*PROBLEM DESCRIPTION:*
Which lines run from the line with "Originally $ 950.00" through the line with "PLEASE VISIT OUR" in the entries below? Print them exactly, both ends included, and nothing more.

DATA FOR ANALYSIS Block Start

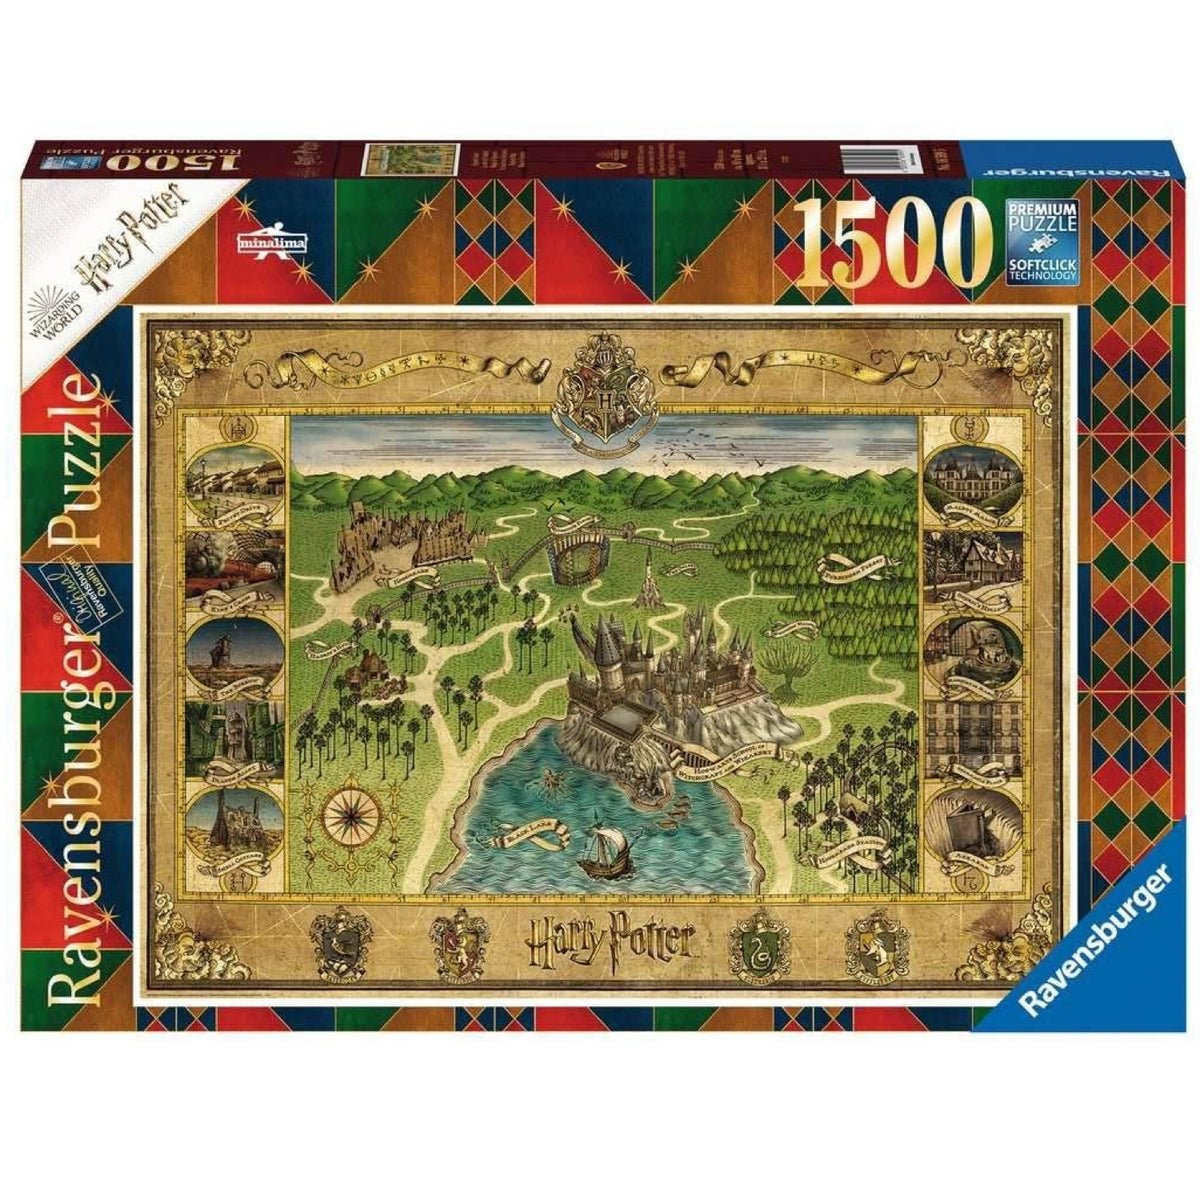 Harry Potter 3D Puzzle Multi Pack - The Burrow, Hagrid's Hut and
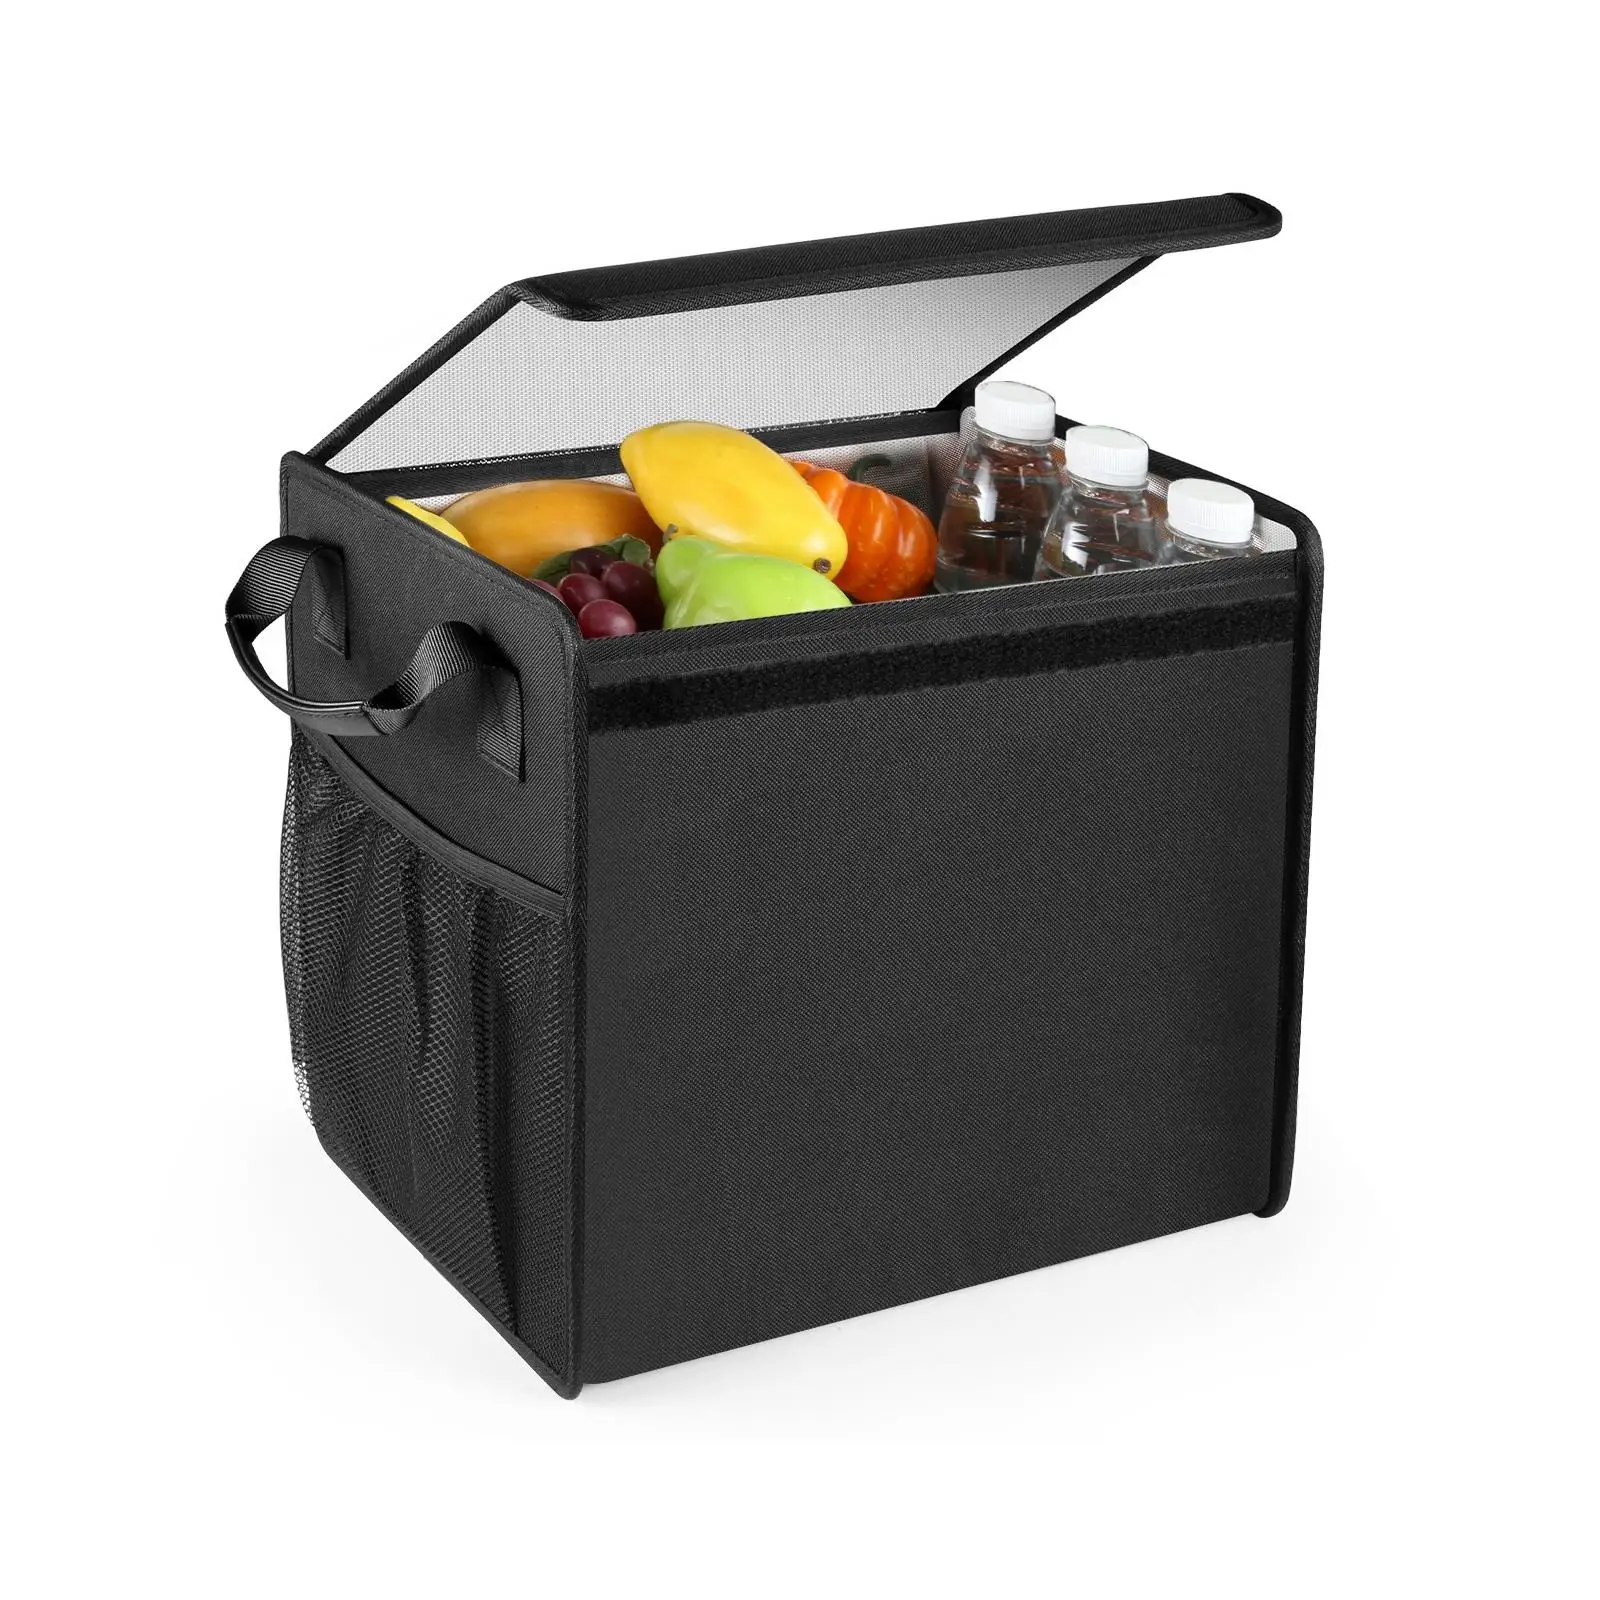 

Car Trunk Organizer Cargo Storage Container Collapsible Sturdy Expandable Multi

DATA FOR ANALYSIS Block End
DATA FOR ANALYSIS Block Start

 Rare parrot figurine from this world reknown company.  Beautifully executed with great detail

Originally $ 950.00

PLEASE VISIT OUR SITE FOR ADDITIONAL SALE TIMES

DATA FOR ANALYSIS Block End

*RESULT FOR THIS TASK:*
Originally $ 950.00

PLEASE VISIT OUR SITE FOR ADDITIONAL SALE TIMES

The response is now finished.